World Cup fever continues to creep into the lives of those who surround me (although the interesting thing about working in Widnes is that the kids like football but are far more interested in Rugby League, even if the Vikings have dropped out of Super League.) I do want England to do well, but I'm not convinced about flags on cars - and what did David Cameron look like? I have this theory that the number of flags on the car is in inverse proportion to how good the driver is.

This week I was cut up by an old Rover with 4 flags. Say no more.

Sunday, June 04, 2006

Home Sweet Home - part 2

Well, I made it home yesterday. Half term is now effectively over. I have caught up with a load of marking (hurrah!) I've only completed one report (uh-oh!) and I don't feel at all ready for tomorrow (yikes!)

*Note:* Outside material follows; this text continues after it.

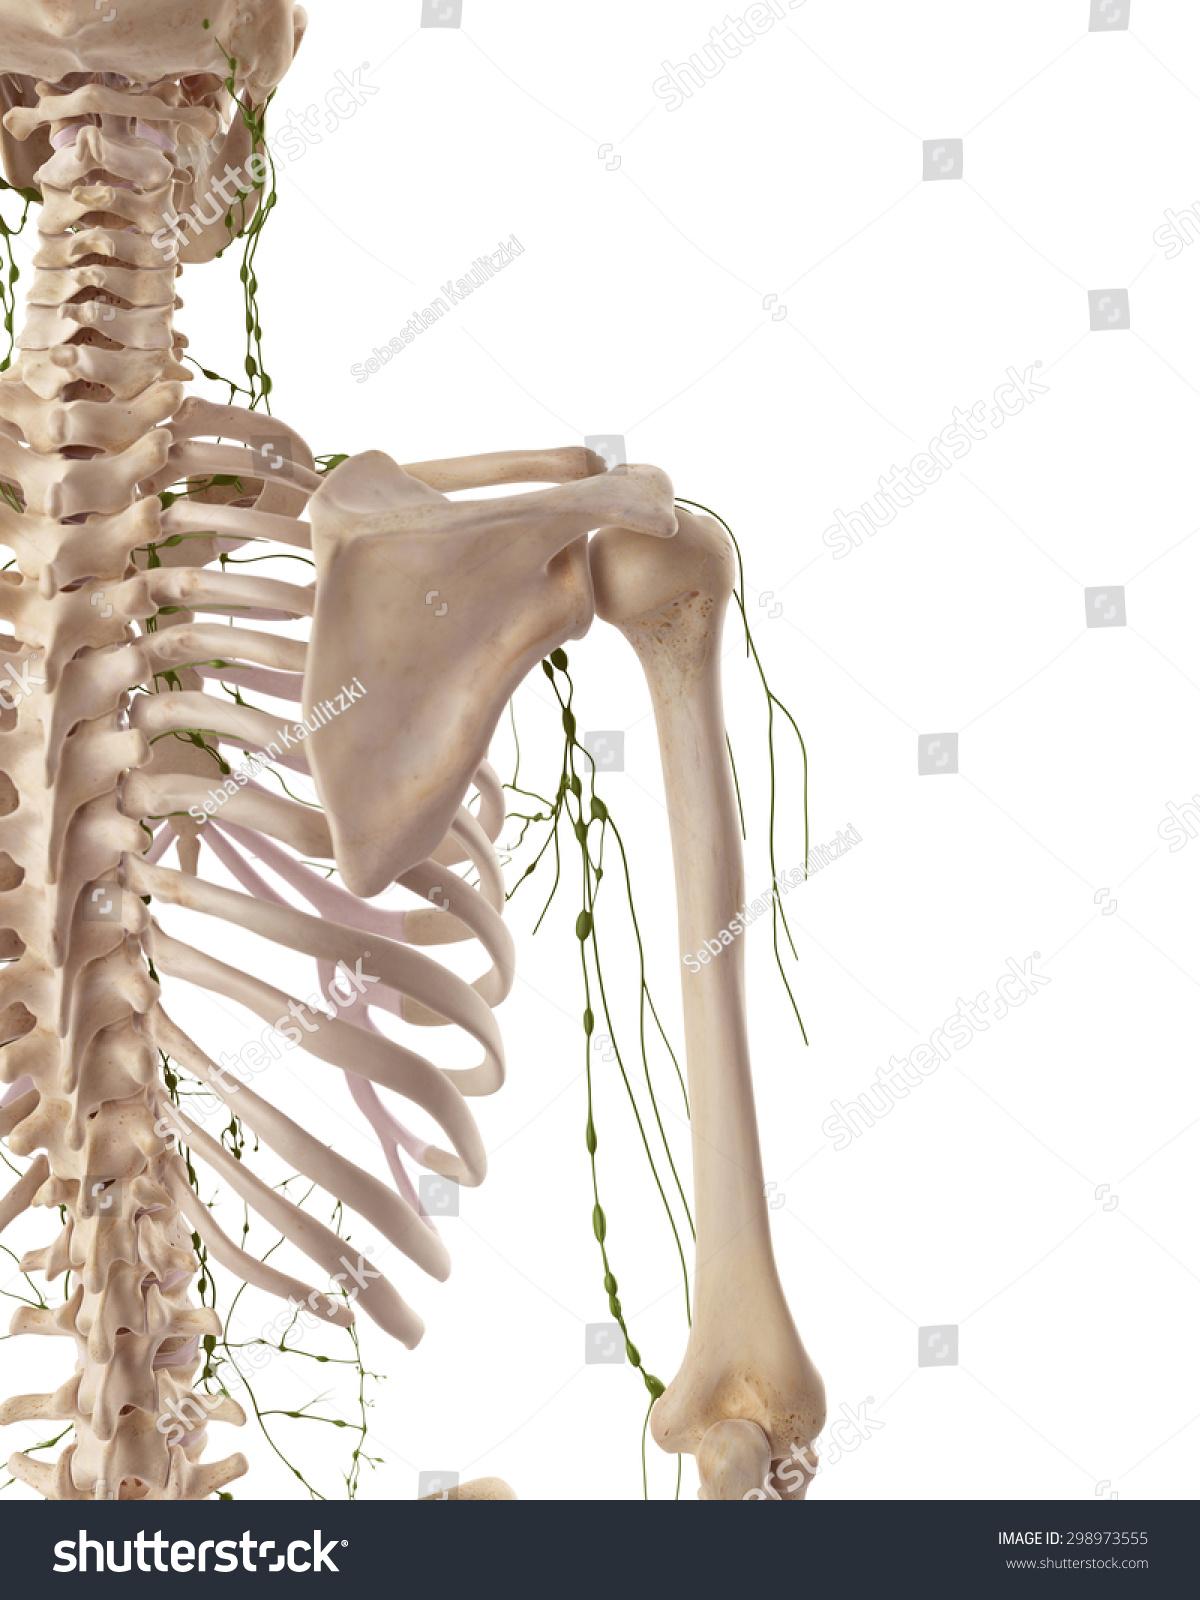 Axillary node dissection anatomy

However, there are compensations. When I should have been hightailing it up back to get on with the work, I was bird-watching in Mum and Dad's back garden. I saw a pair of birds that I'm pretty certain are Linnets (look v. similar to a sparrow) and then the Red Kites put on their acrobatic display:




It doesn't get much better than this...

Friday, June 02, 2006

Home Sweet Home - part 1

Dad's back home - hurrah!

Mum and I arrived at the hospital (me armed with my file of marking, of course) to find Dad fully dressed with his bag packed on the bed. I'm so pleased, because the other chaps who were due to go home yesterday didn't because they couldn't empty their bladders sufficiently and I thought Dad would be the same. However, as he proudly boasted to my Aunt and Uncle earlier this afternoon (to Mum's horror), "I'm going better now than I've been in ages - in fact, I could write my name in the snow!"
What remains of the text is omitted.